*MATERIAL PROVIDED*:
------------------------------

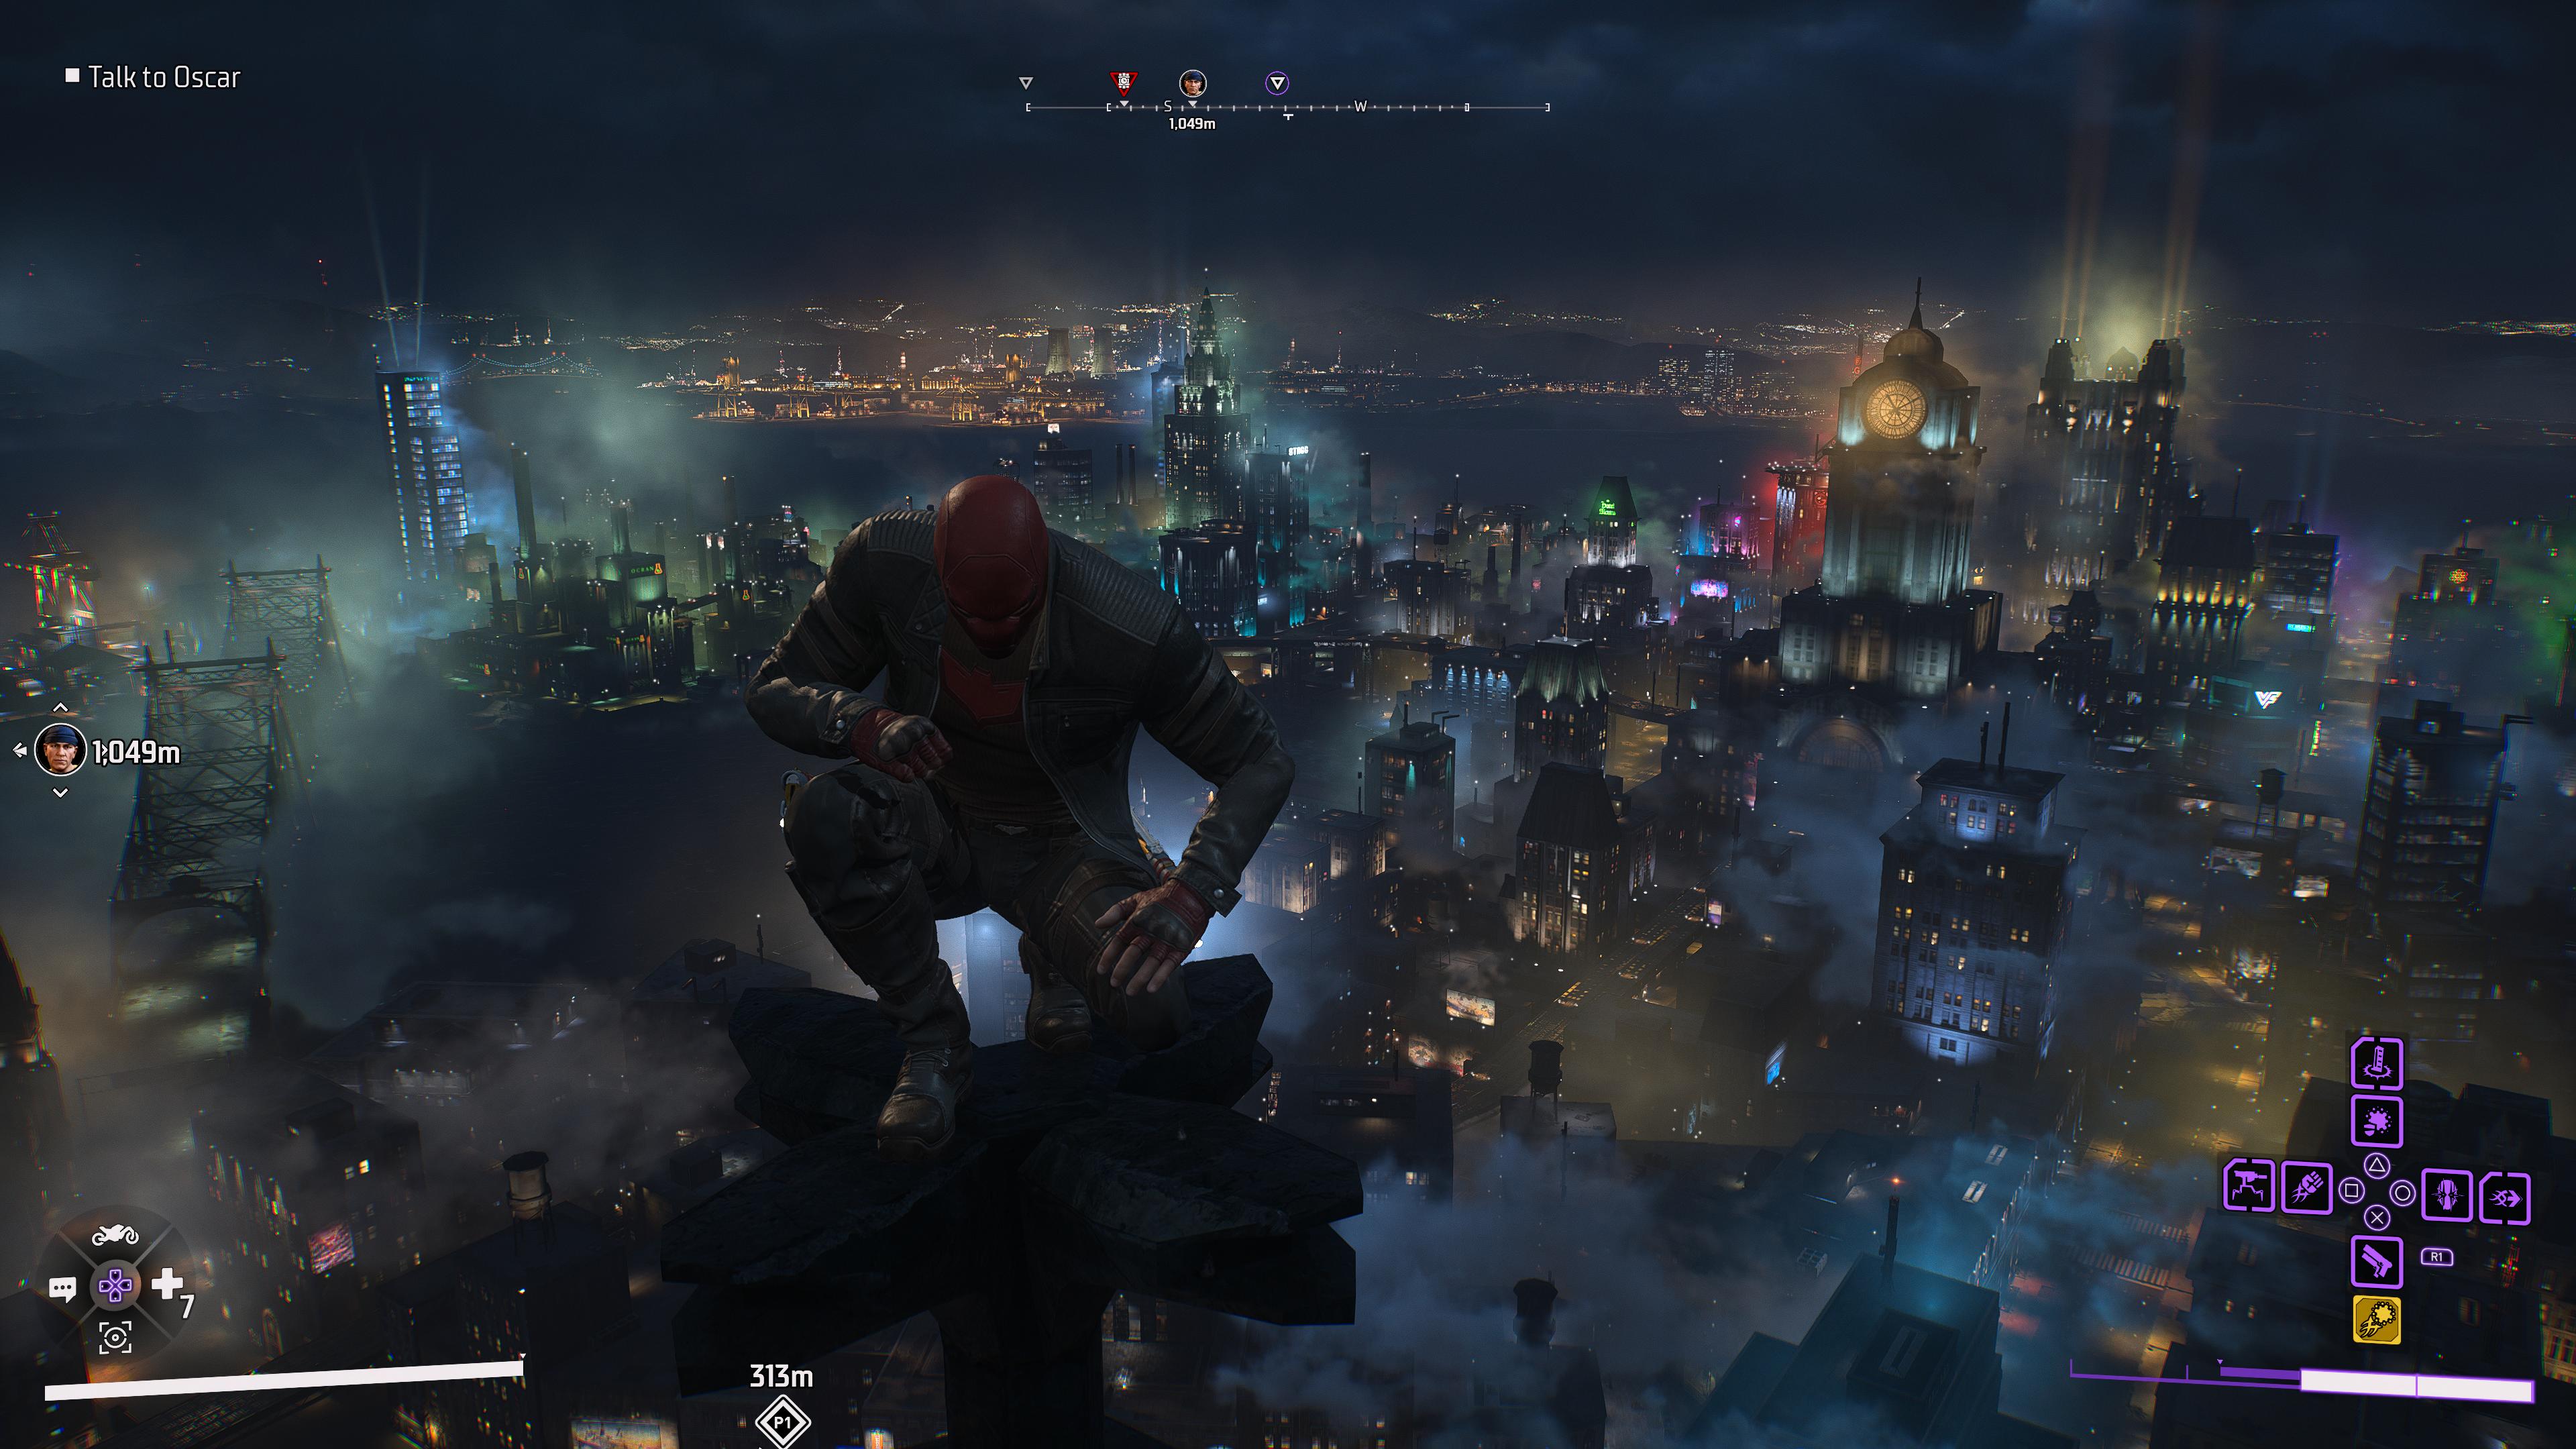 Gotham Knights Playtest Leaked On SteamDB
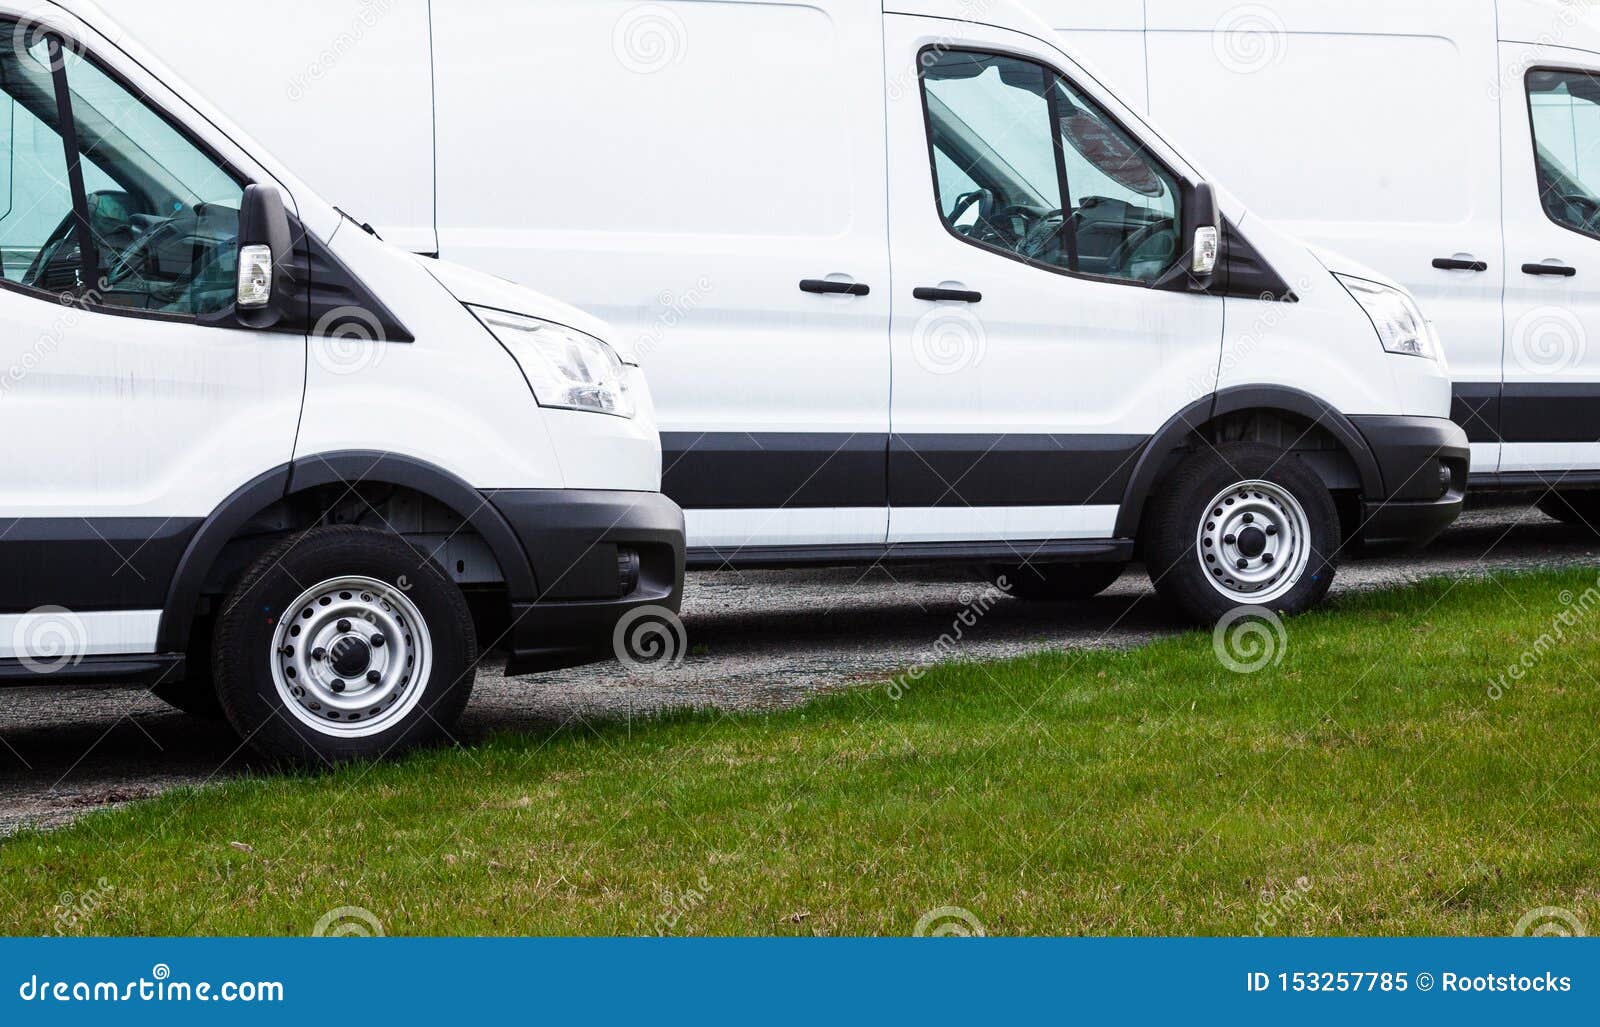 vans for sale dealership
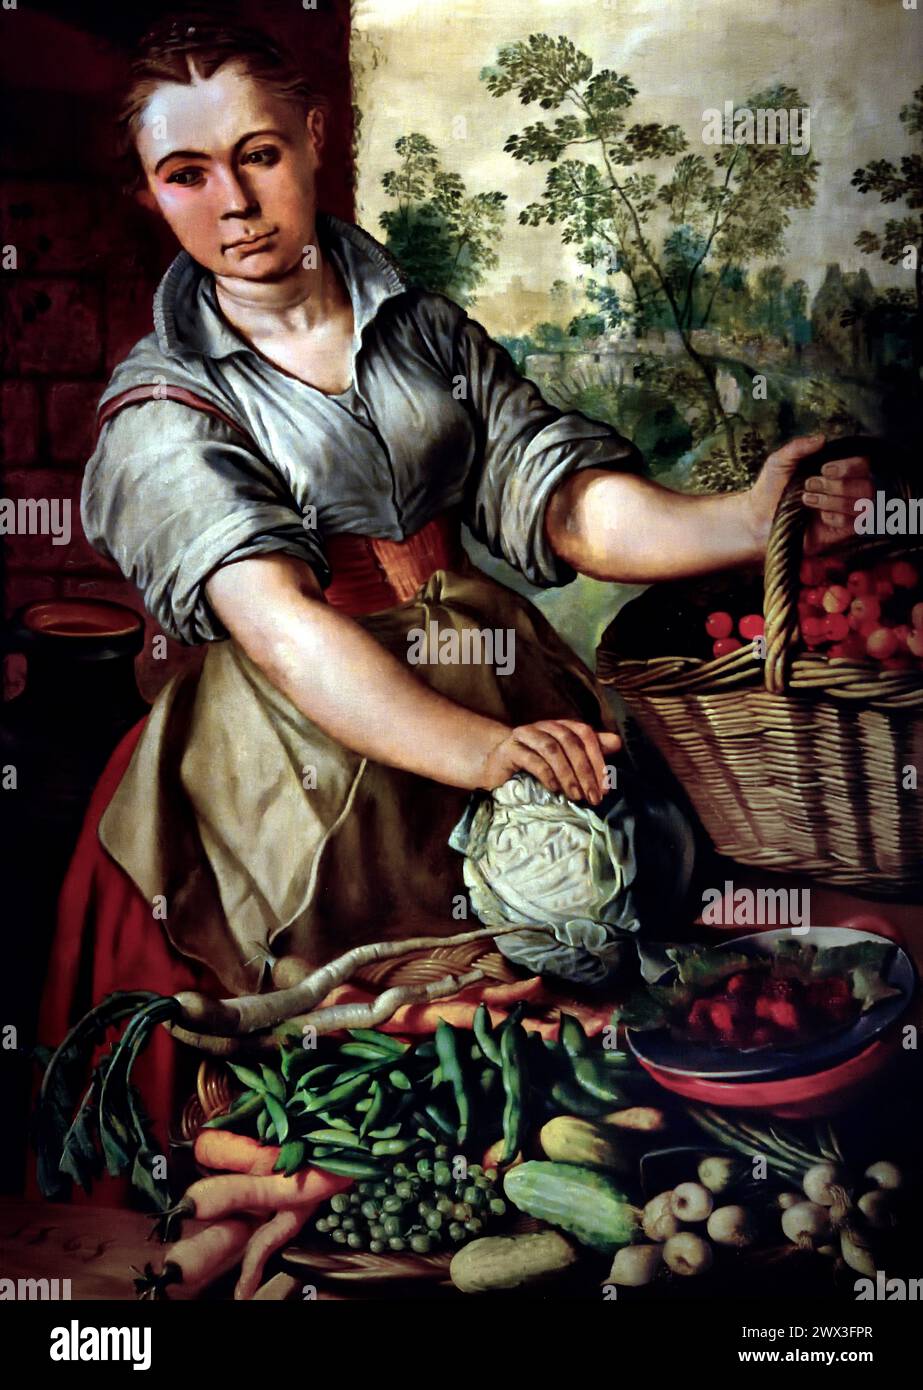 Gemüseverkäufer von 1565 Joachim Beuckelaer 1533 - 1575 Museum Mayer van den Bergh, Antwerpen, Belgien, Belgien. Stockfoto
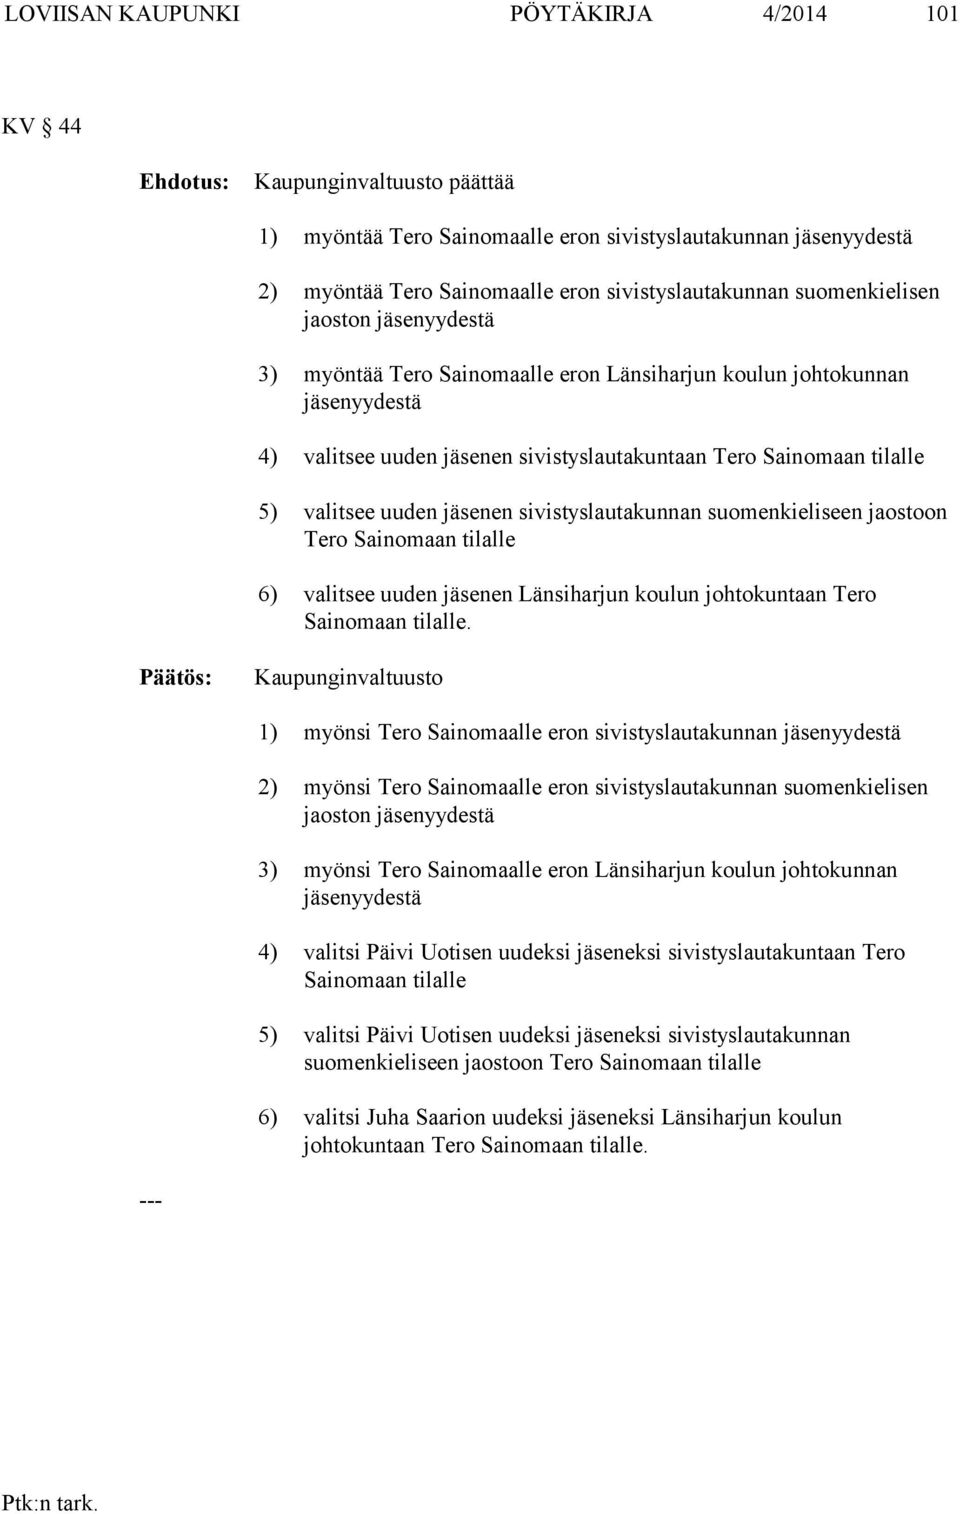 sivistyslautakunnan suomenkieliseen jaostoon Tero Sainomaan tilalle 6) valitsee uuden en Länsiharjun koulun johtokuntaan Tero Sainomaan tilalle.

------------------------------

*EXERCISE GOAL*: Repeat the data above exactly, but not the pictures.

*ANSWER BOX*:
 Gotham Knights Playtest Leaked On SteamDB
 vans for sale dealership
 Gemüseverkäufer von 1565 Joachim Beuckelaer 1533 - 1575 Museum Mayer van den Bergh, Antwerpen, Belgien, Belgien. Stockfoto
 sivistyslautakunnan suomenkieliseen jaostoon Tero Sainomaan tilalle 6) valitsee uuden en Länsiharjun koulun johtokuntaan Tero Sainomaan tilalle.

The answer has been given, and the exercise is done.